ASD Tip of the Month


Raising and educating adolescents with ASD and other disabilities offers many joys and gifts. They can be affectionate, inquisitive, fun, and loving. But, adolescents with ASD and other disabilities can also face additional challenges associated with puberty as compared to their typically developing peers. They may face challenges including fewer friends, fewer opportunities for friendships and lower participation in social and recreational activities. The Tips of the Month for 2021-2022 will help support the social and emotional well-being of adolescents with ASD and other disabilities.

The OCALI Lending Library has many resources to support adolescents on these various topics. Here are a few to explore:

  • Taking Care of Myself: A Hygiene, Puberty & Personal Curriculum for Young People by Wrobel, M.
  • What's Happening to Tom?: A Book About Puberty for Boys and Young Men with Autism and Related Conditions by Reynolds, Kate E.
  • What's Happening to Ellie?: A Book About Puberty for Girls and Young Women with Autism and Related Conditions by Reynolds, Kate E.
  • Autism, Asperger's, and Sexuality: Puberty and Beyond by Newport, J., & Newport, M.
  • Lucky Dogs, Lost Hats, and Dating Don'ts: Hi-Lo Stories about Real Life by Fish, Thomas R.
  • The Facts of Life....and More: Sexuality and Intimacy for People with Intellectual Disabilities by Walker-Hirsch, L., ed.

Additional materials available in the OCALI Lending Library.

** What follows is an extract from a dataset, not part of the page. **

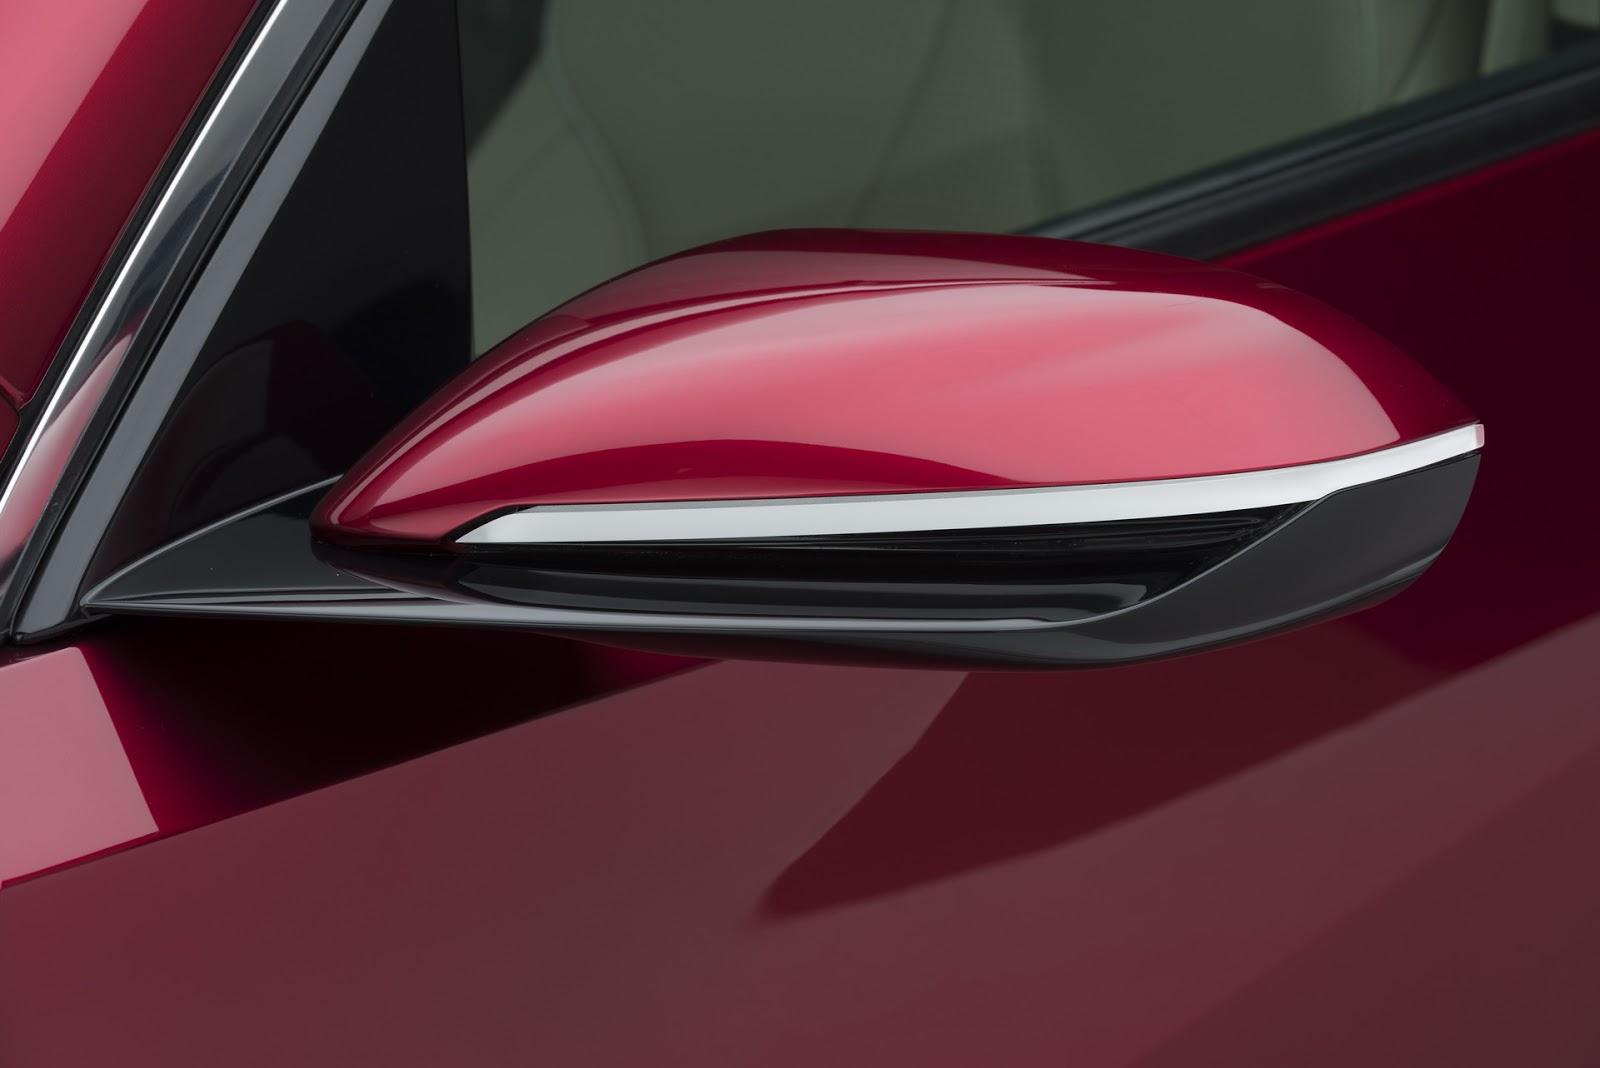 2019-Acura-RDX-10.jpg
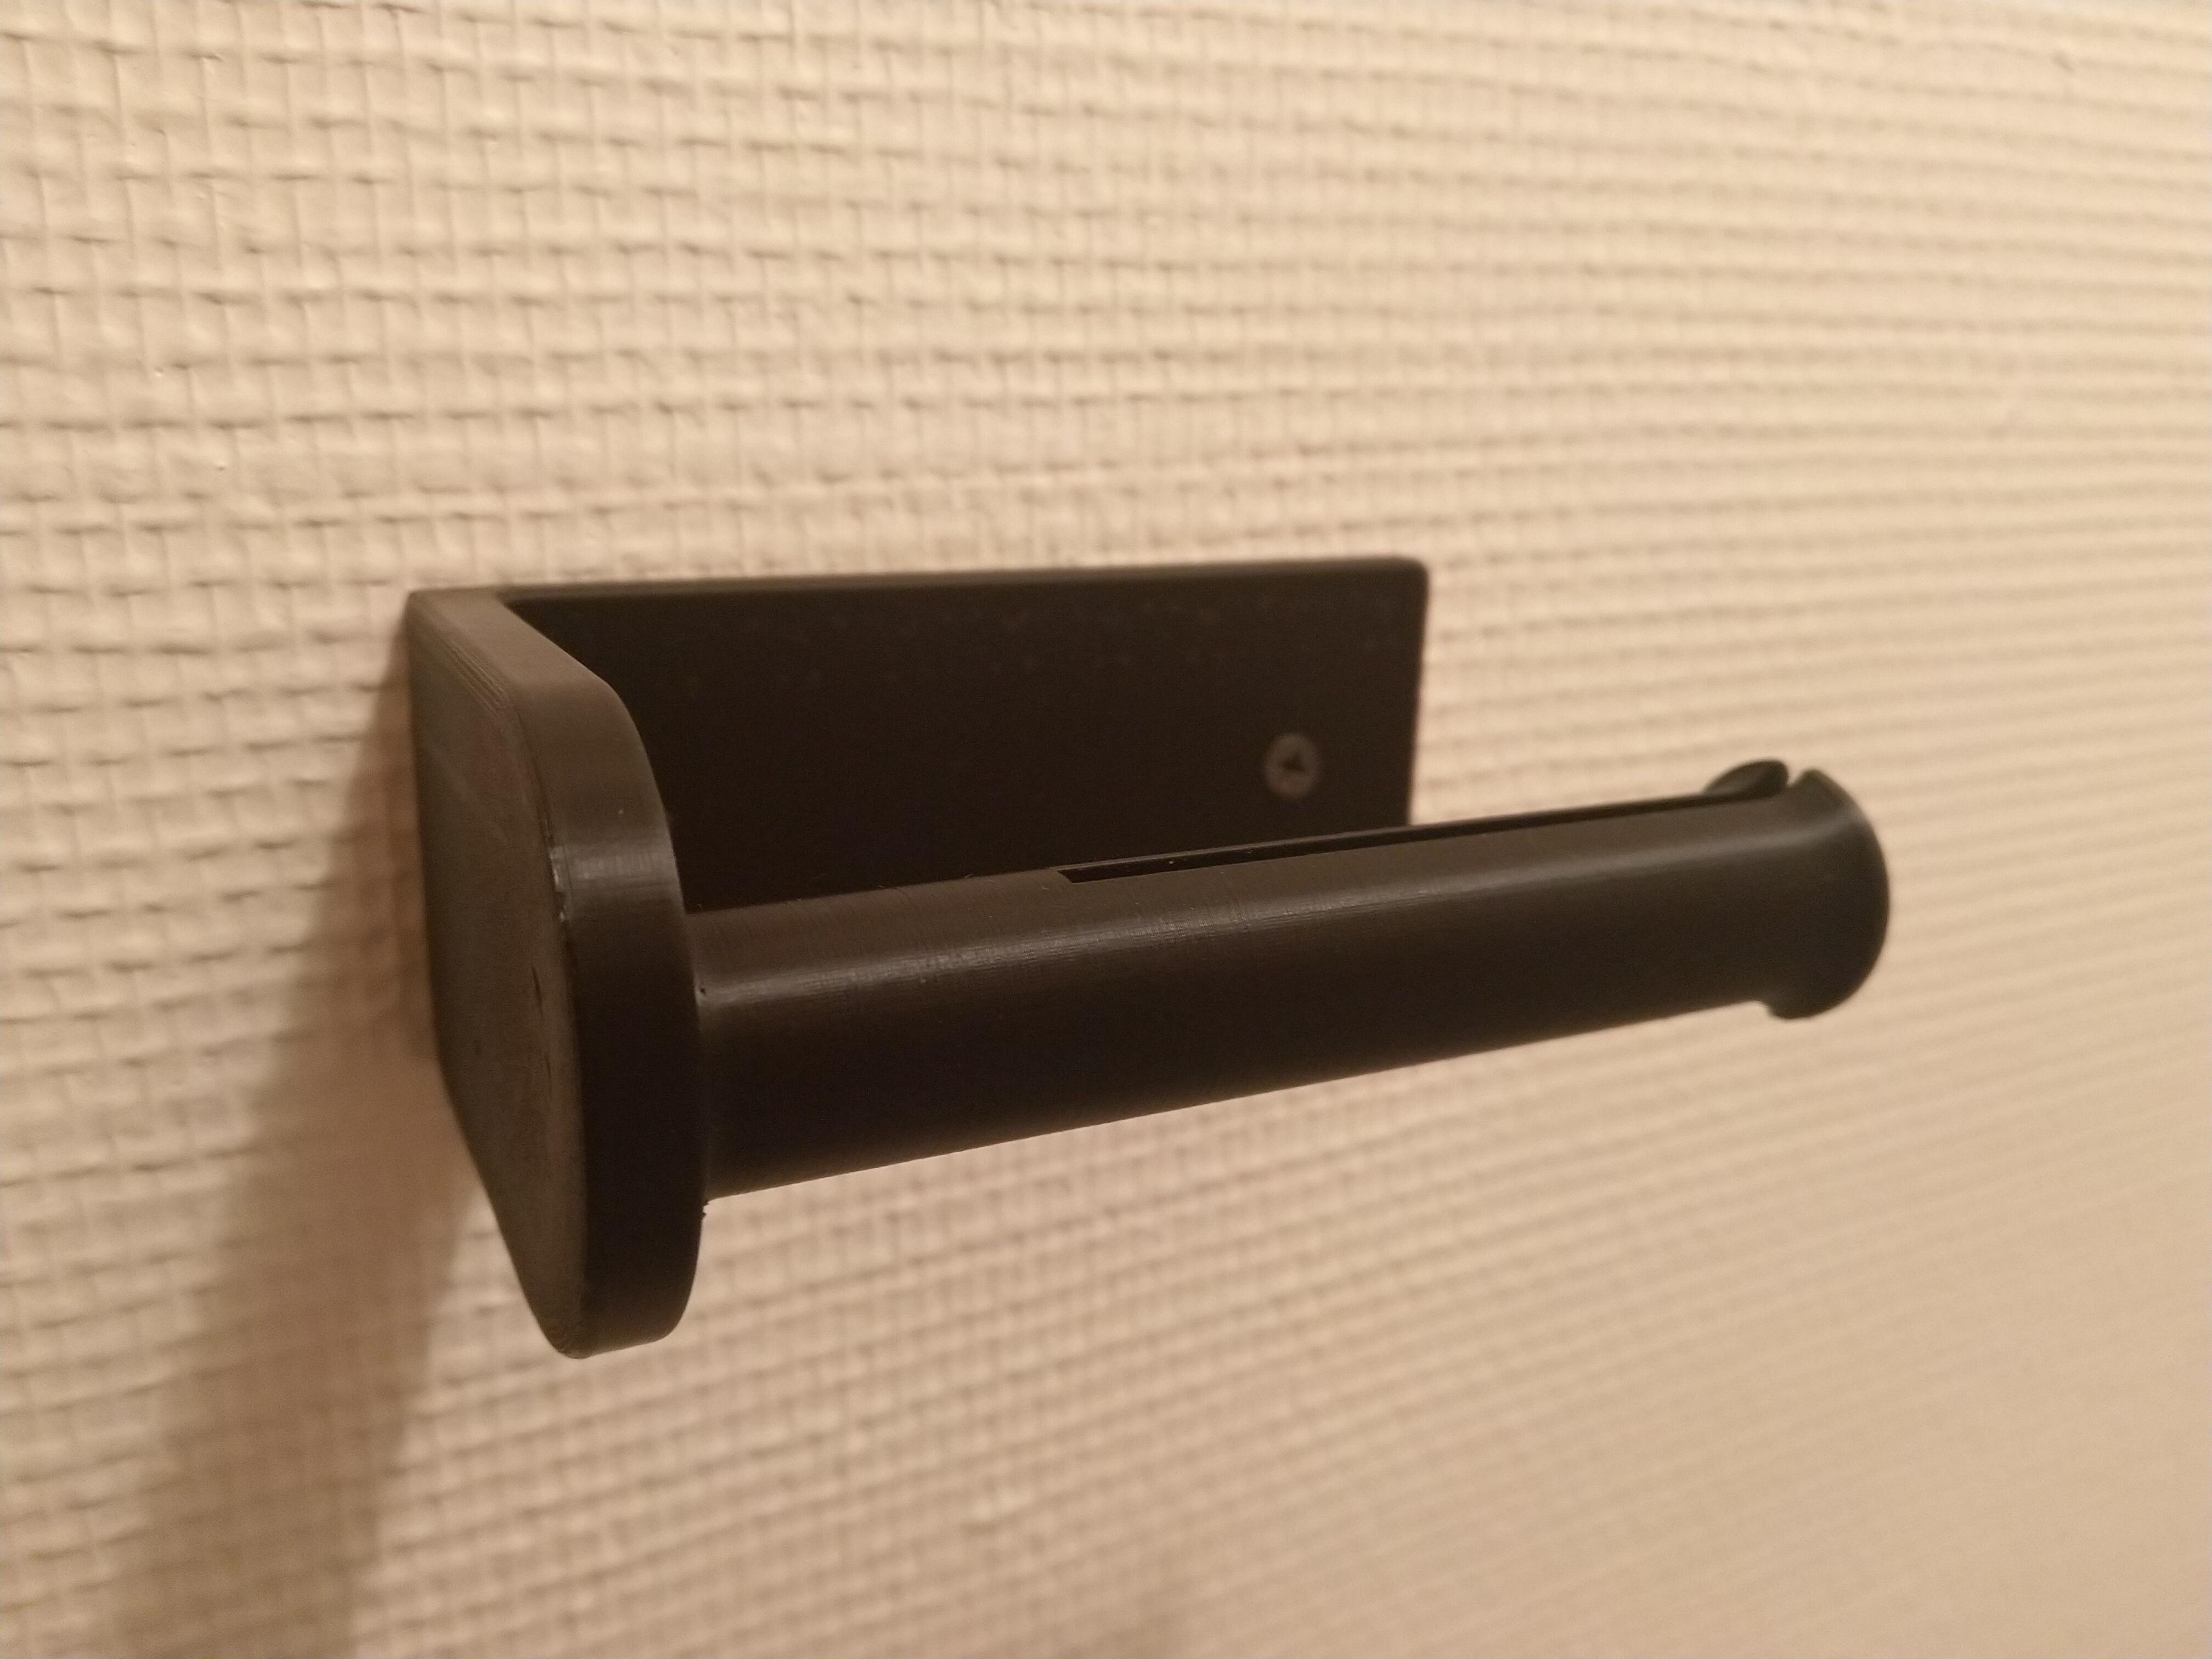 Dérouleur Papier Wc Metal simple toilet roll holder / simple dérouleur de papier

Check out these additional OCALI resources to learn more about supporting adolescence.


September

Understanding and Communicating with Adolescents

Adolescents with ASD and other disabilities are often excellent communicators both verbally and non-verbally. But, these communications may present challenges for both families and professionals as compared to typical peers A wide range of challenges can include limited language to excessive talking, limited eye contact and poor reciprocal conversation, as well as limited conversation topics, which can prevent the individual from having successful social interactions with both adults and peers. The following tips provide ideas on how to interact with adolescents with ASD and other disabilities.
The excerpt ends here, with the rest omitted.